I read various papers about the log polar transform and its application on template matching with images and have some questions:
In "Image Registration Using Log Polar Transform and Phase Correlation to Recover Higher Scale" the authors say: "In this algorithm first the sense image is downscaled by the factor of 2. Log-Polar algorithm gives best result for any value of rotation and translation but it will not work if the scale is more than 1.8 or 2, as the frequency components alters at high scale ." In the referenced paper "IMAGE REGISTRATION USING LOG-POLAR TRANSFORM AND PHASE CORRELATION" the authors only mention at the end that their results are verified with a scaling factor up to 2.0, there is no mention at all about altering frequency components at high scale. Then I read through http://cvpr.uni-muenster.de/teaching/ss08/seminarSS08/downloads/Wentker-Vortrag.pdf . He says that the polar transform is unable to detect scales > 2, the log transform doesn't have it. This clearly contradicts the first paper, which says the log polar transform can only go to scales < 2. So does the log polar transform normally only work up to scale 2.0?
Regarding question 1, what exactly is the reason that it only works up to a scale of 2? The altering frequency components are mentioned, but I don't know what they really mean with that and it is never explained in any of the papers I found, only that this value exists.
In the presentation http://cvpr.uni-muenster.de/teaching/ss08/seminarSS08/downloads/Wentker-Vortrag.pdf page 22, we have the normal, polar and log-polar transformed image.

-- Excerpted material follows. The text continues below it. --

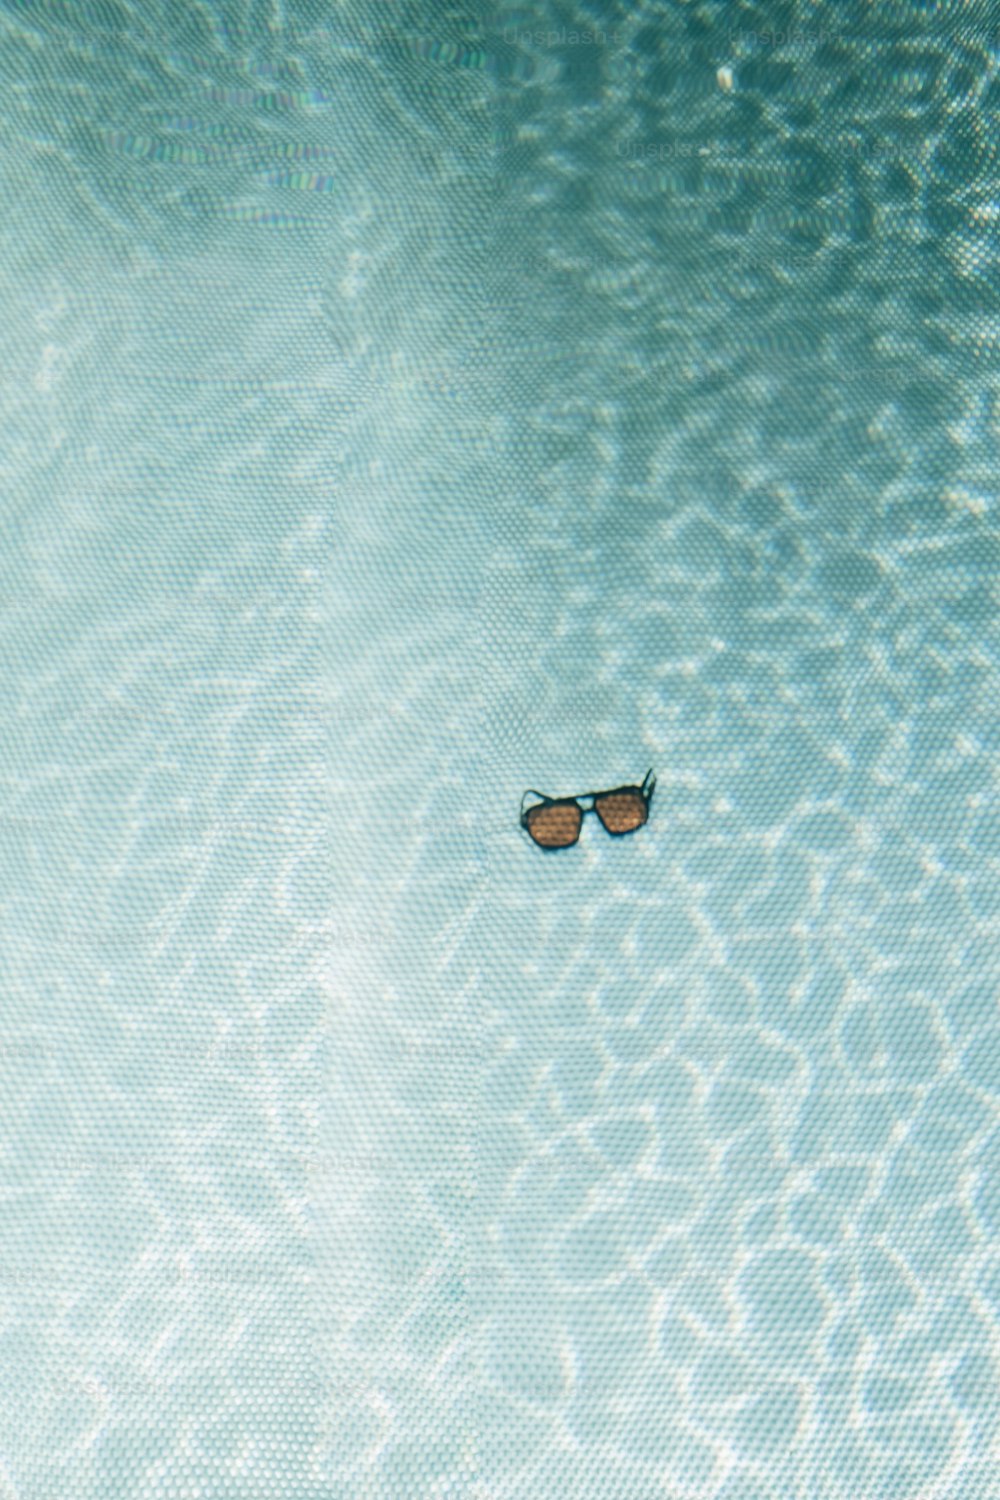 Eine Sonnenbrille, die in einem Wasserbecken schwimmt
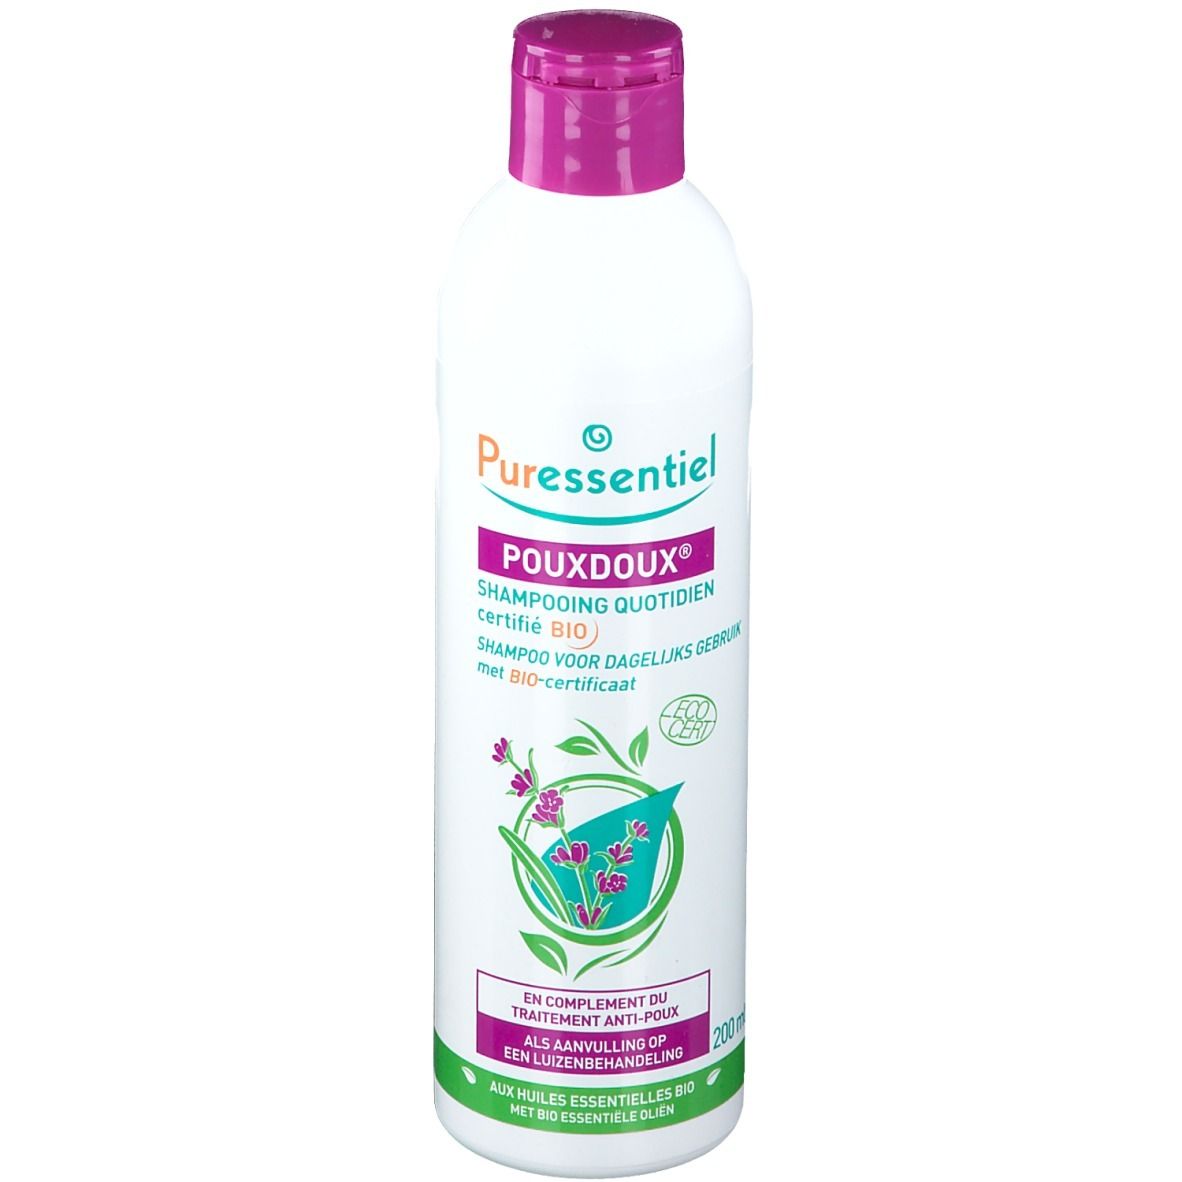 Image of Puressentiel Poudoux® Shampoo zur täglichen Anwendung

The polar image has the black areas, which are parts that can't be mapped to the original image because it would be outside of its boundaries. However, these areas have nearly disappeared in the log polar image. Why is that? I tested various Logpolar implementations using OpenCV, Python, another example is Scale and Rotation invariant Template Matching and all the time, the log polar images looks more like the middle image and not like the right one. What exactly is happening here? Why does the third image look so different, compared to other log polar images which look more like the second?
I hope you can answer my questions.